The abuse was never focused solely on opponents. When Pierce lost in the first round of the 1992 Olympic Games in Barcelona, the verbal barrage from her father sent her fleeing to the safety of the women’s locker room. Undaunted, he continued to scream at her through the door. Jim Pierce was escorted from the site by Olympic officials and, still angry, he drove off and wrecked his rental car along a Spanish highway.

Jim Pierce was banned from all tour events in 1993 after a series of skirmishes, some verbal and, at the French Open, a fistfight with two spectators.

The WTA ban was put in place as much for Pierce’s protection as for other players on the tour. In fact, Pierce and her mother also obtained a restraining order against Jim Pierce, whose real name is Bobby Glenn Pearce and who has a substantial criminal record.

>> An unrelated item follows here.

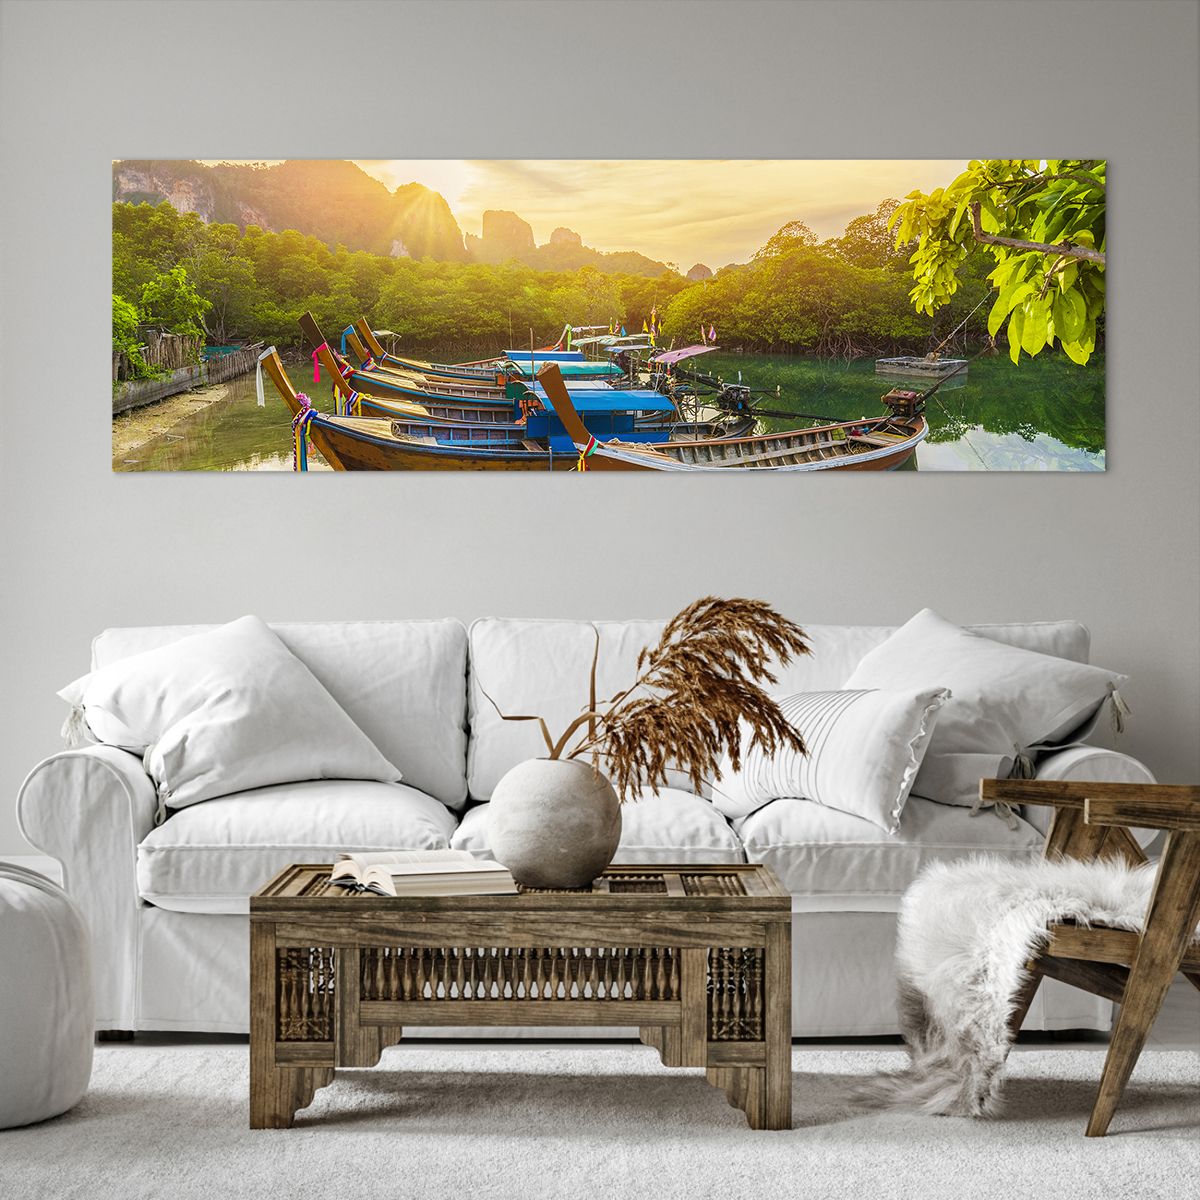 Bild auf Leinwand Landschaft, Bild auf Leinwand Thailand, Bild auf Leinwand Meer, Bild auf Leinwand Wald, Bild auf Leinwand Asien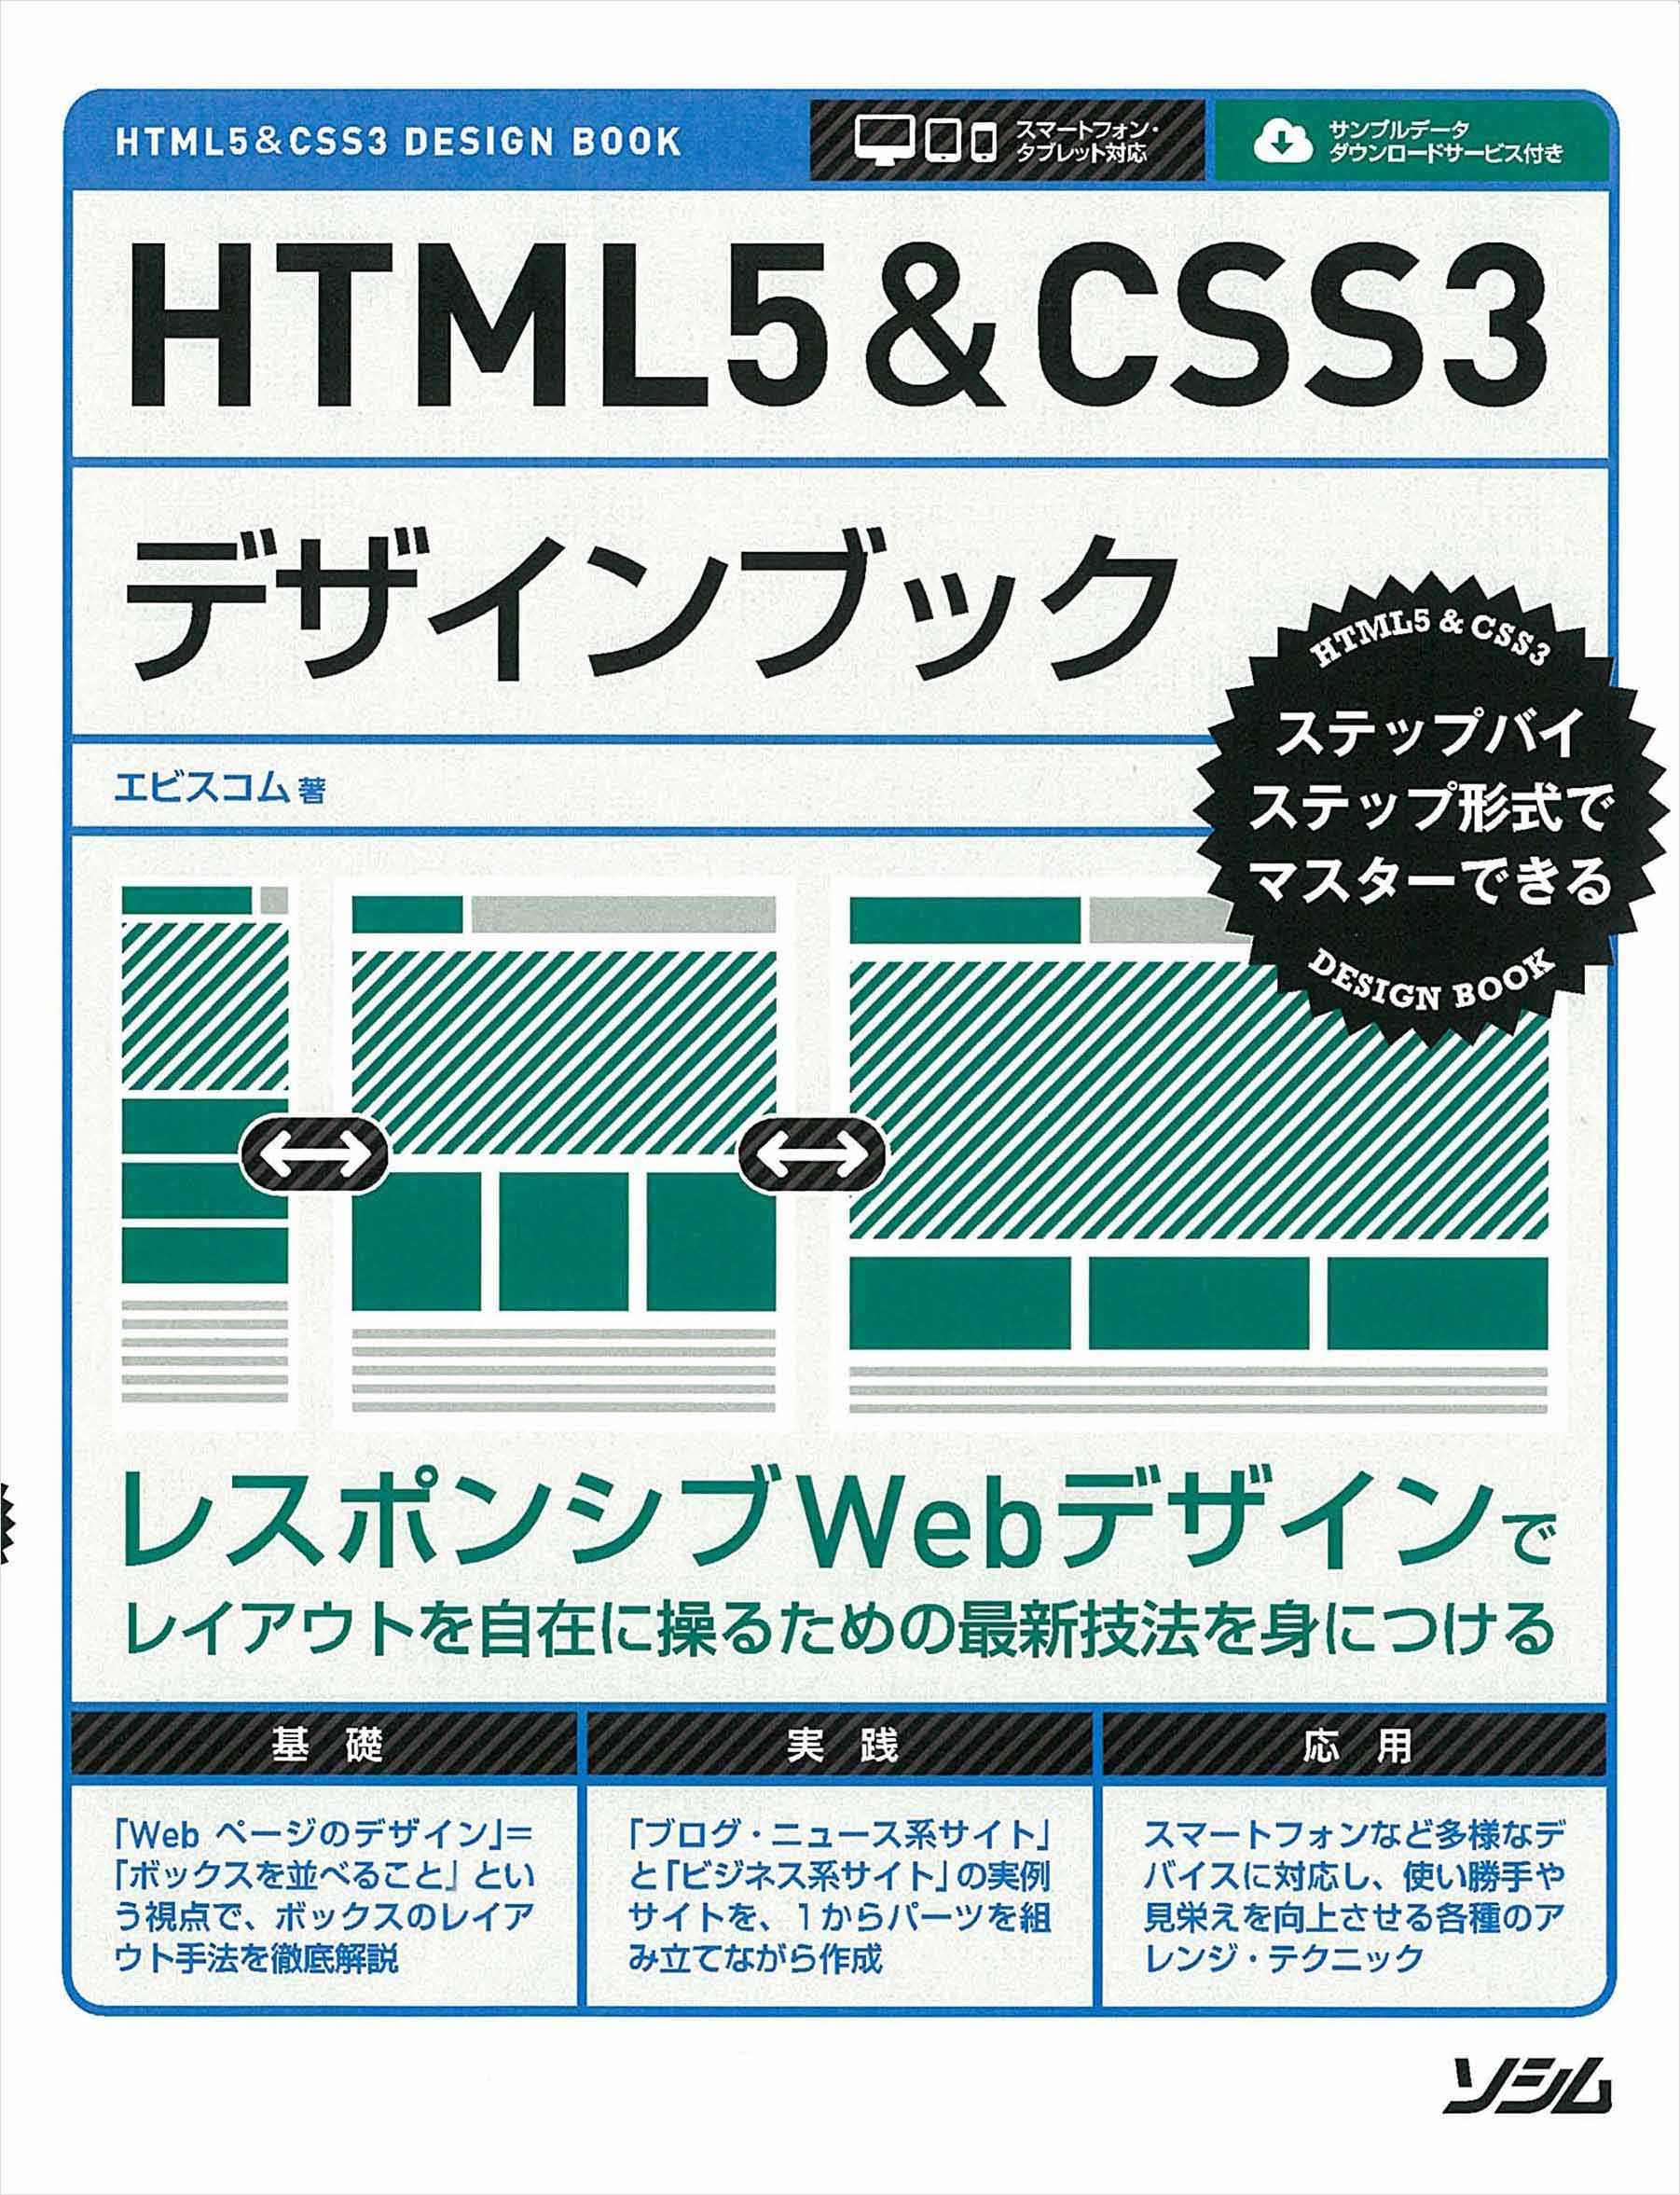 売り込み HTML5CSS3デザインブック HTML5CSS3 DESIGN B…

The ban has hardly made Jim Pierce go away. He recently told the Tampa Tribune that he intends to sue the WTA Tour, arguing the ban has prevented him from getting coaching jobs and earning a living in tennis. A tour spokesman said no suit has been filed.

Exhausted by the emotional weight of her father’s legacy and long tired of being defined by it, Pierce looked to herself for help. Over three winter months last year Pierce rehabilitated her shoulder and trained at Roland Garros and spent time getting to know someone she had lost touch with--herself.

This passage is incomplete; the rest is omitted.